57. Ciò che non significa, come implicitamente sostiene Italia, che Arpàlice Maldifassi e Adalgisa
Carpioni debbano venir considerate varianti onomastiche di un unico personaggio (Italia 1994: 272,
n. 9). La signora Carpioni ha fin da subito (Fase A) una caratterizzazione ben precisa che non
appare per niente nella rappresentazione di Arpàlice Maldifassi nella prima descrizione
dell’incendio (B1); senza contare che la Carpioni era presente nell’episodio della lingera (B2a) e
dunque fuori dal caseggiato in fiamme.

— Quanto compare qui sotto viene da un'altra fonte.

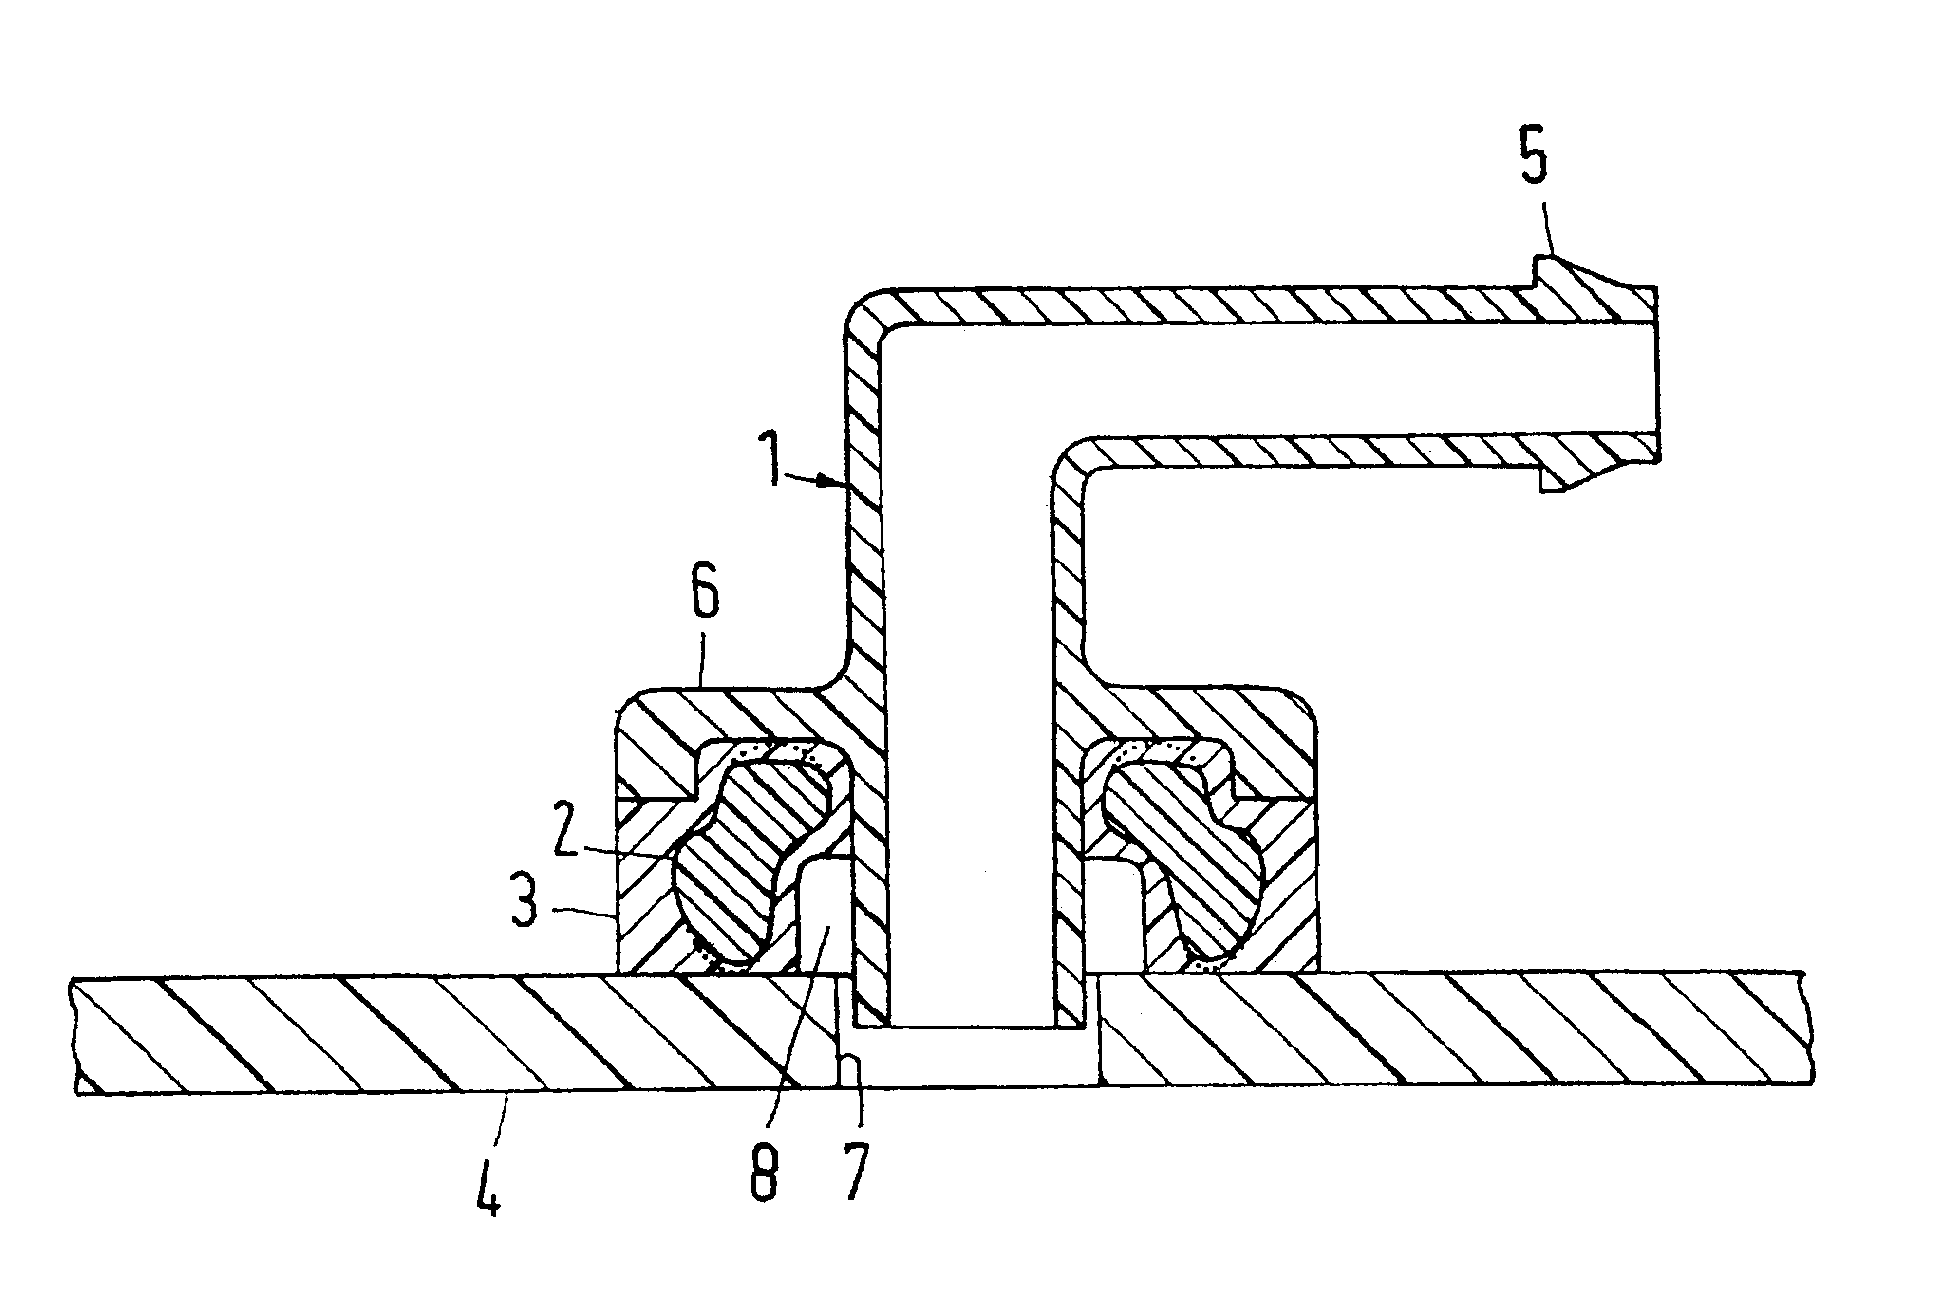 Coupling member for connecting a fuel receiving or fuel dispensing part to a fluid line and method for its manufacture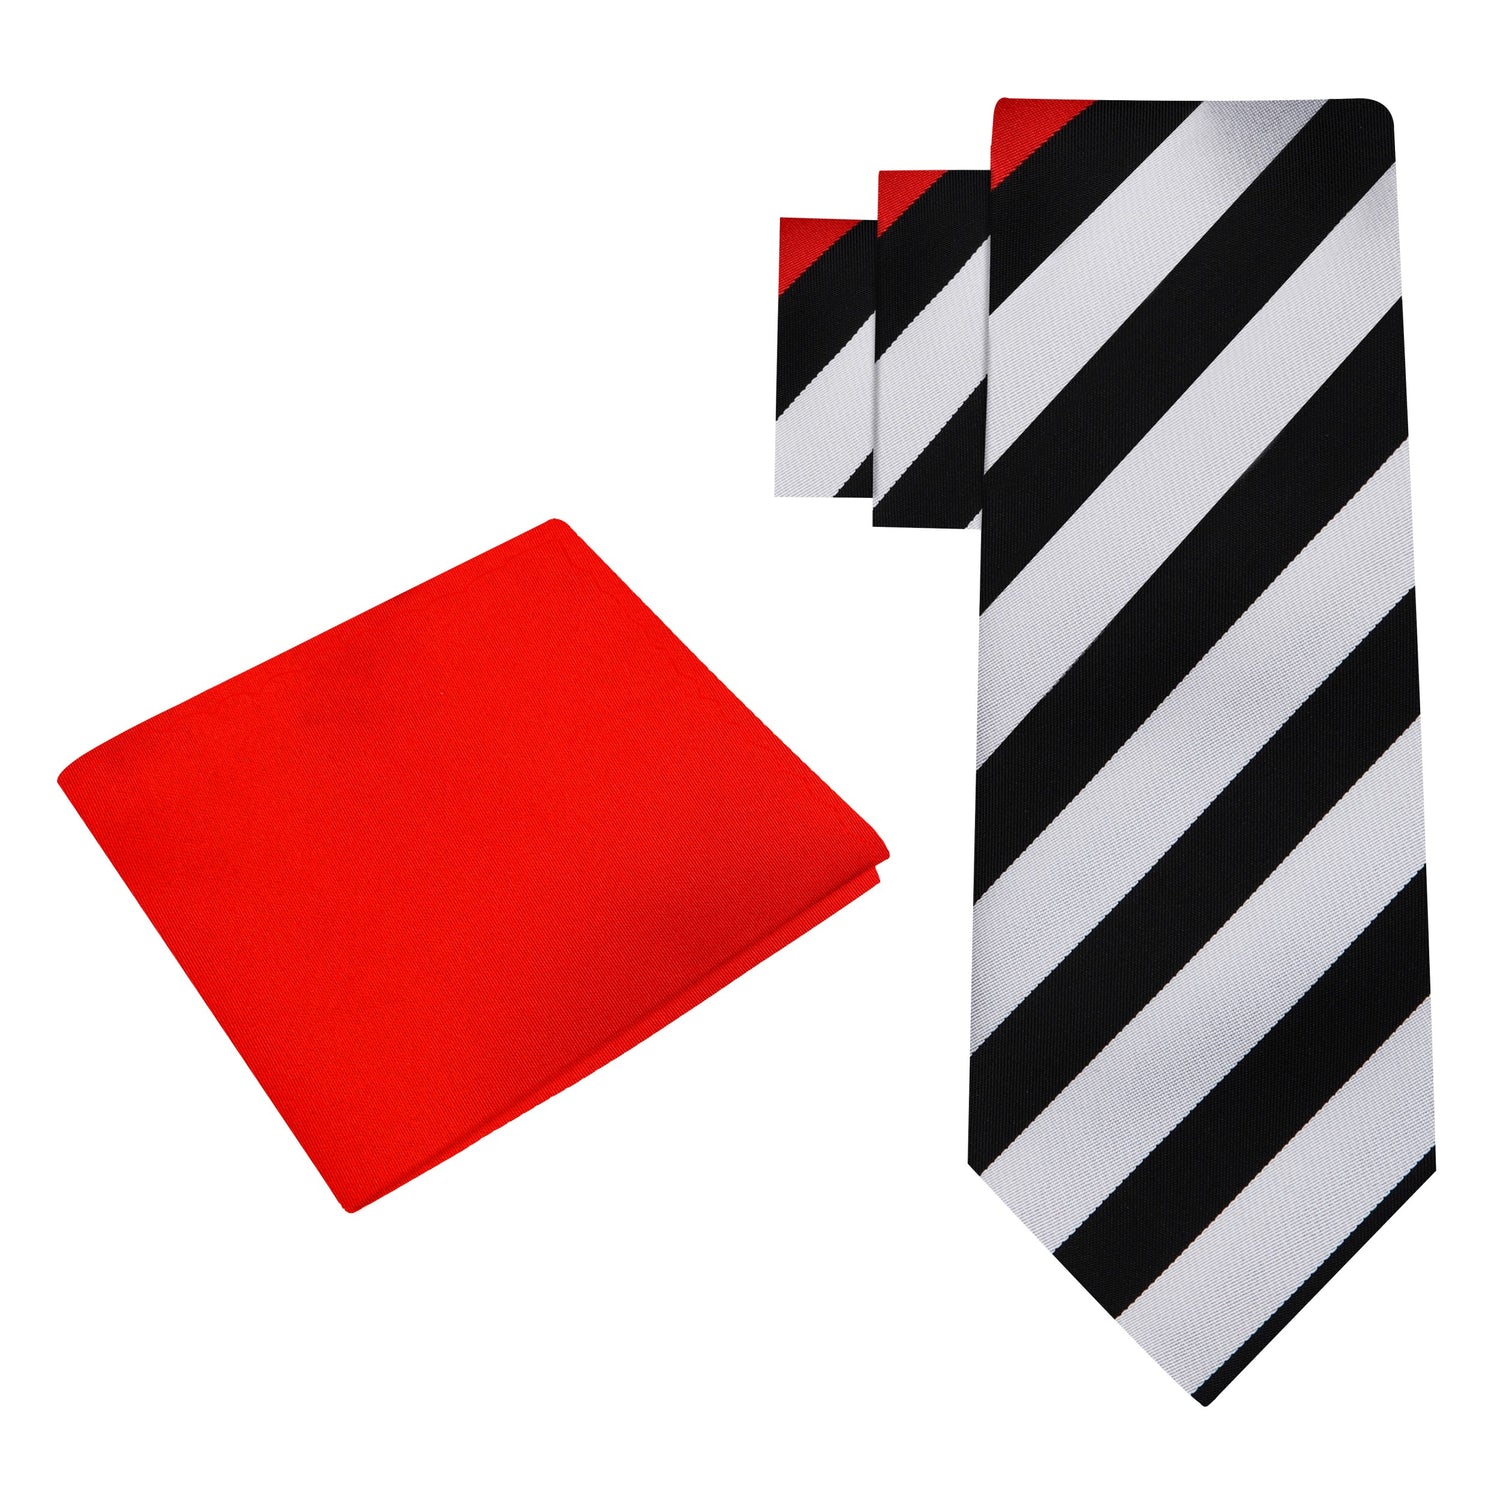 Alt View: Red black stars and stripes tie and square

Personalmente, credo che la variazione onomastica sia da
considerare un lapsus: tanto è vero che nella seconda descrizione dell’incendio (Fase C) si trova
ancora una volta Arpàlice Maldifassi, e non già Arpàlice Carpioni, all’interno del caseggiato.
58. I vetusti e massicci mobili della donna forniscono lo spunto per un mini-pastiche su terzina
dantesca (Purg., V 13-15): «avrebbero potuto, invece della torre, suggerire al Poeta il termine della
misura per la fermezza di carattere dell’Ottocento: Vien dietro a me e lascia dir le genti | sta come
torre (soprascritto a tavolino, a sua volta soprascritto a cifonino) ferma che non crolla | Giammai la
cima, per soffiar de’ venti». (Gadda 1995: 279, apparato critico relativo alla p. 69 di TDL).
59. Il confronto delle due descrizioni, e dei relativi apparati critici, certifica senza ombra di dubbio
l’anteriorità di NDL1 rispetto a TDL per la maggiore elaborazione di lezioni di NDL1 che saranno
assunte in TDL senza correzioni (Italia 1994: 272, n. 9).
60. Per le formiche, Gadda 1987a: 207, 420 e 433 (con relative note di Manzotti); per il tarlo, 139,
293 e 318 (con nota e rimandi alle pp. 139-40); per la mosca, infine, si veda la schedatura di
Roscioni 1995a: 48-49, nonché Gadda 1995: 293, 259 e 294 (con nota a p. 295).
61. Si veda quanto Gadda dirà degli Idilli moravi di Tecchi (SGF I 852).
62. Italia informa che a p. 71 di TDL si trova un elenco di temi di lavori: tra questi, oltre a «La
vecchia madre» che la curatrice considera come il primo germe della Cognizione, anche «Keplero e
Bruno» (Italia 1994: 286).
63. RR I 119 e 121 (nota d’autore integrata nella citazione). Per un’applicazione in ambito
epistemologico del bruniano «Umbra prufunda sumus», cfr. La casa (RR II 1124).